- [Work item]: Quote every line of the data below as it stands, omitting pictures.

** Given material follows **

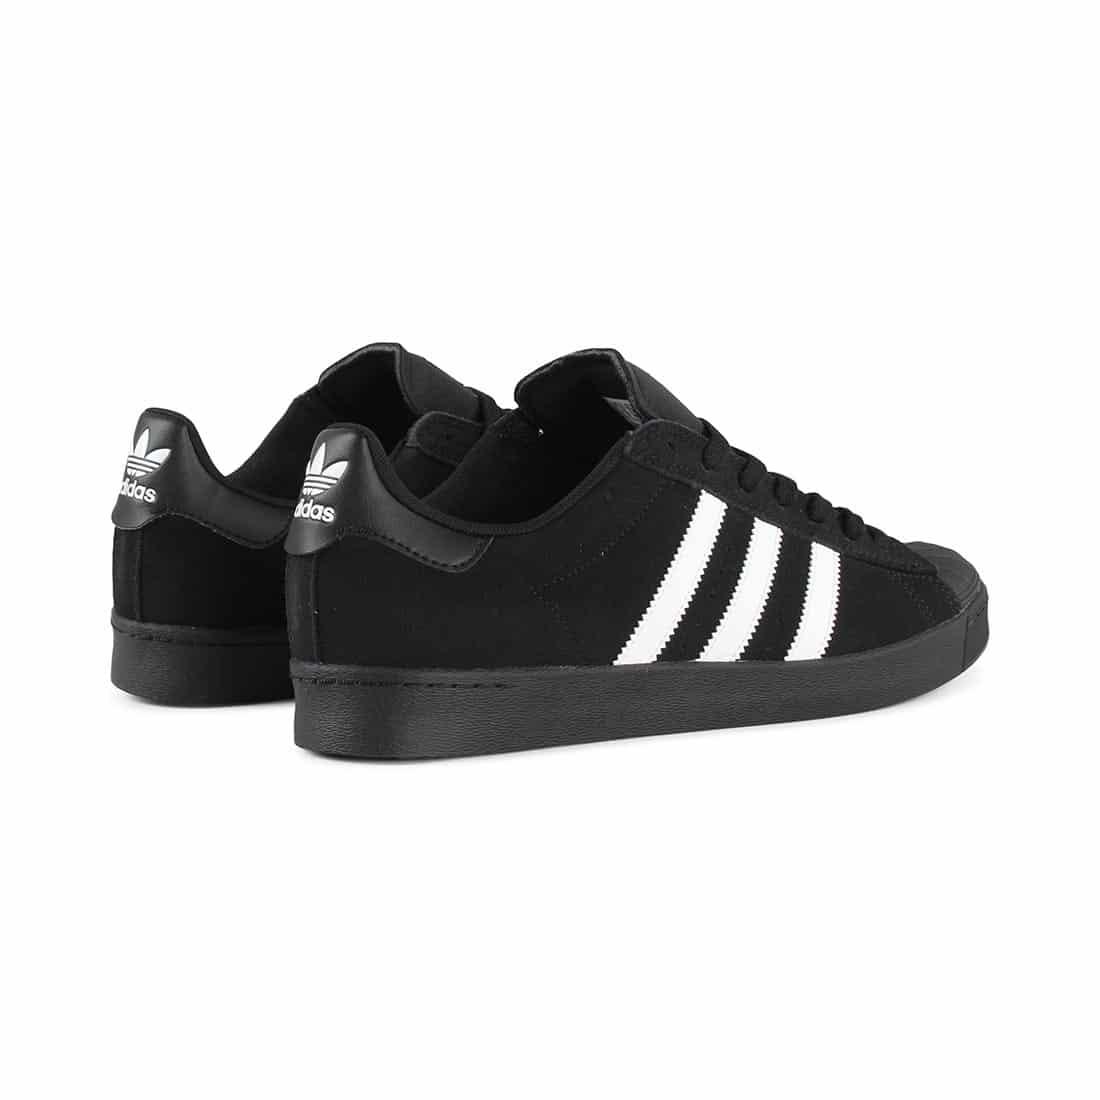 quality design ed714 499b3 Adidas-Superstar-Vulc-ADV-Shoes-Core-Black-White-
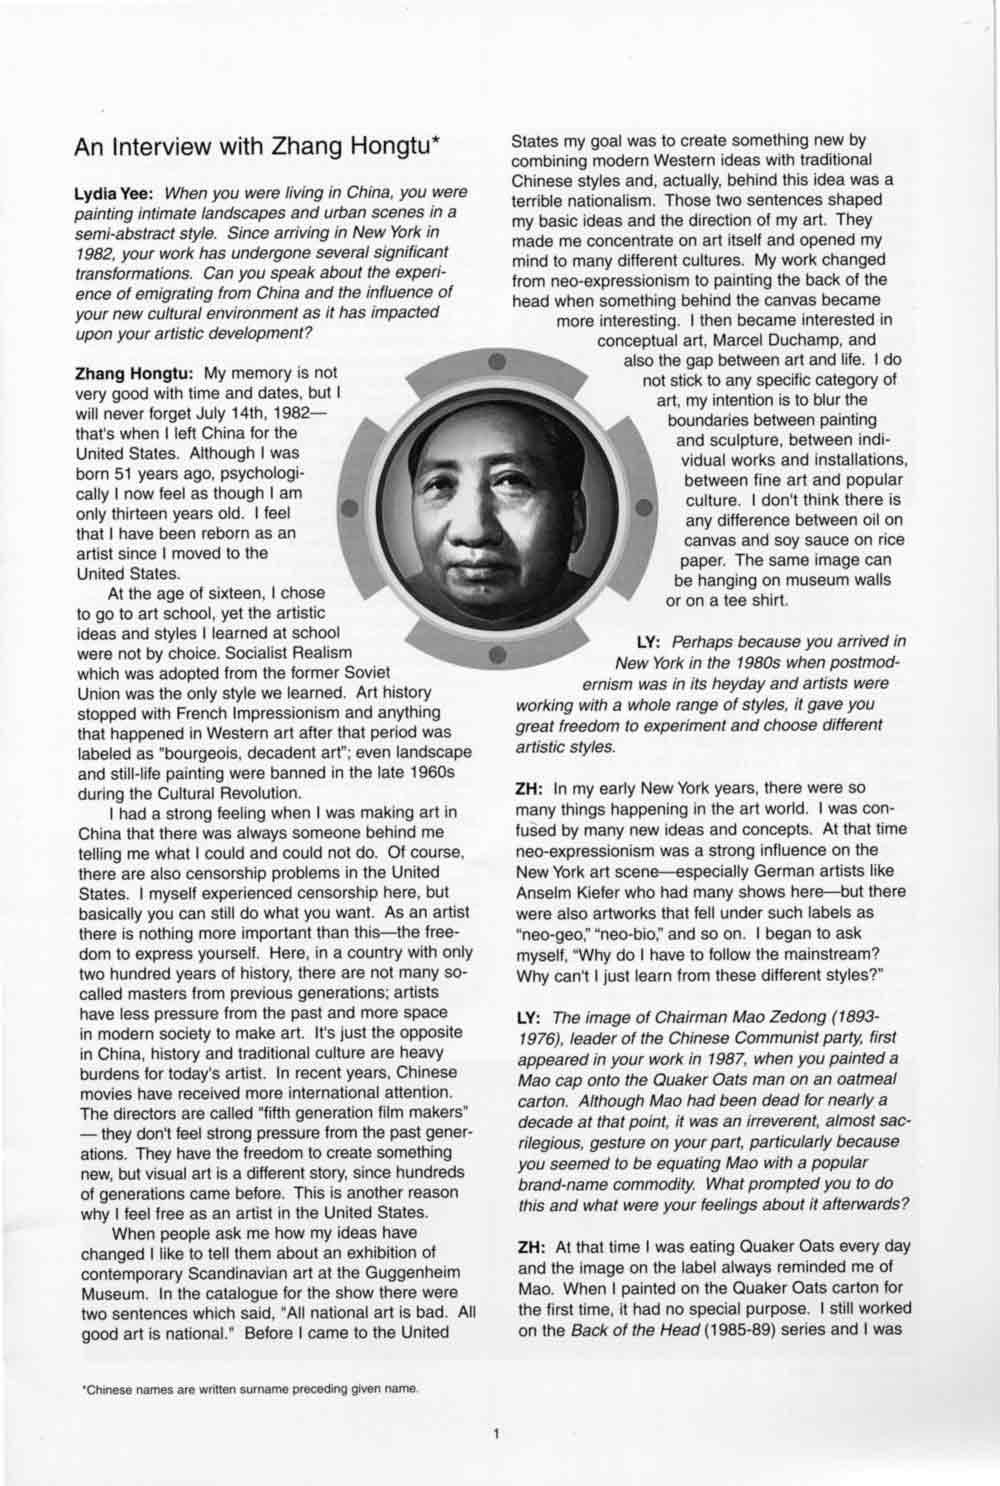 Material Mao, pg 2
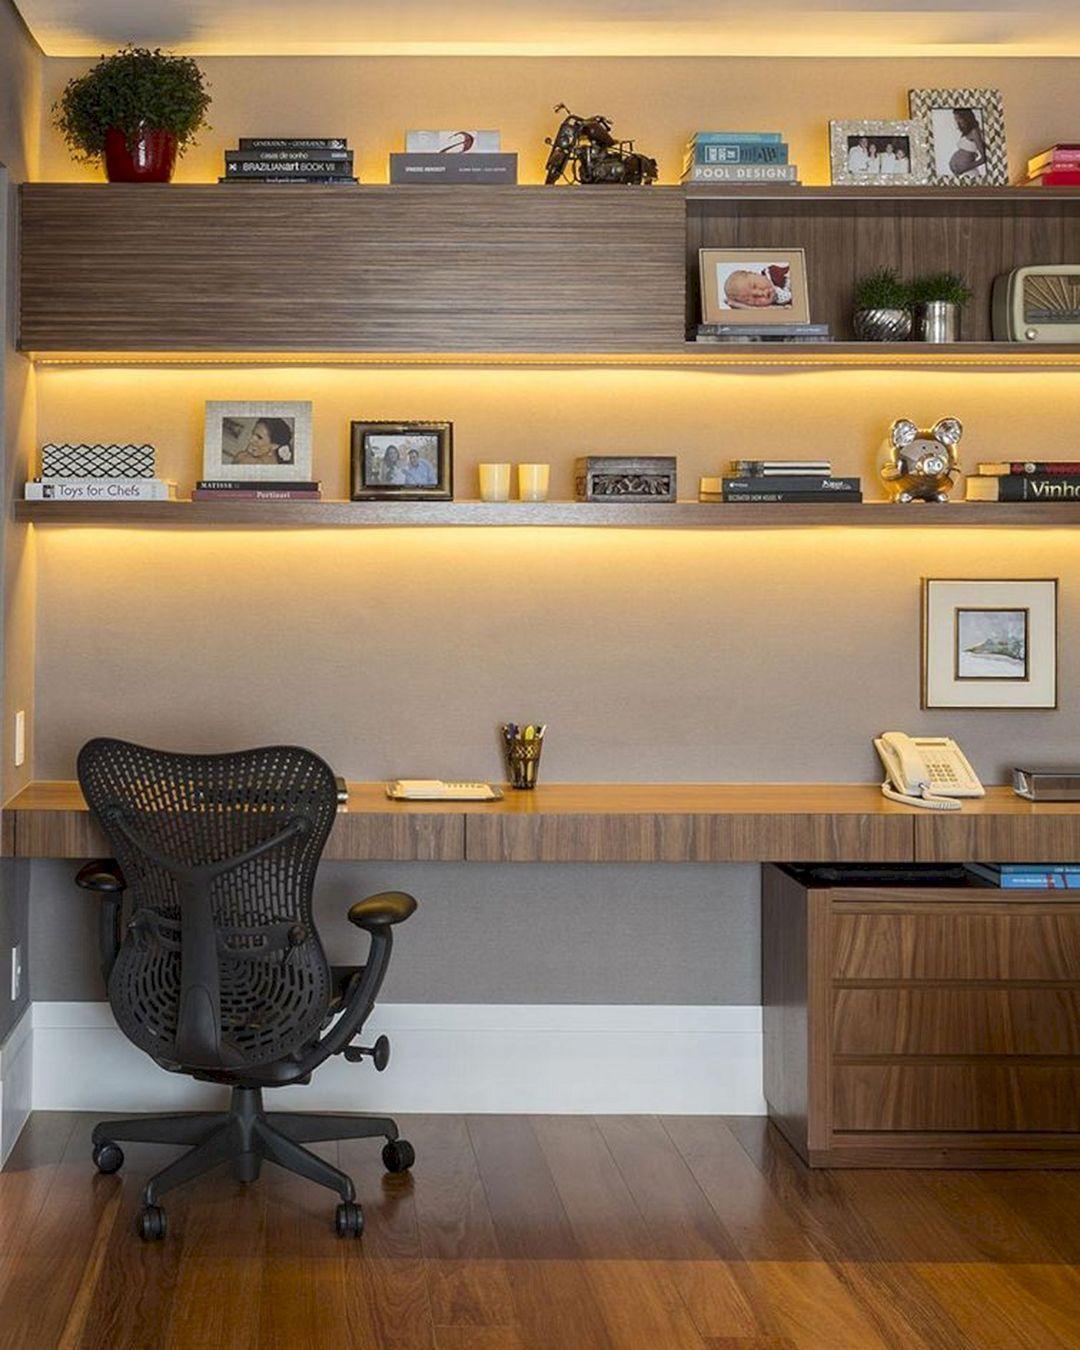 Interior Designmodern Home Office: Study Room Interior Design Ideas 1 (Study Room Interior
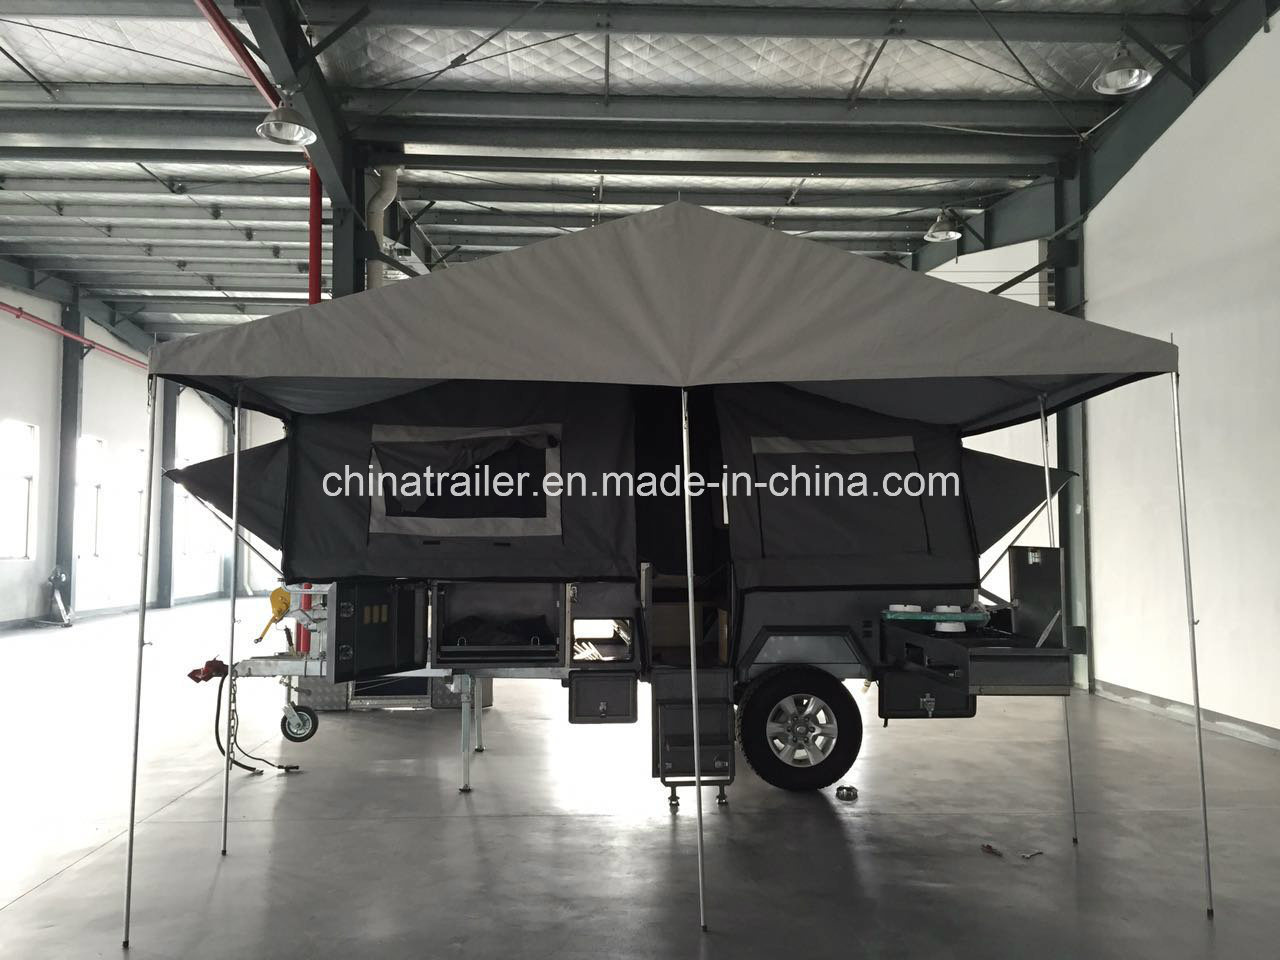 Hard Floor Forward Folding Camper Trailer with Adr Certificate

** End of Given material **

- [Result of the task]:
 quality design ed714 499b3 Adidas-Superstar-Vulc-ADV-Shoes-Core-Black-White-
 Material Mao, pg 2
 Interior Designmodern Home Office: Study Room Interior Design Ideas 1 (Study Room Interior
 Hard Floor Forward Folding Camper Trailer with Adr Certificate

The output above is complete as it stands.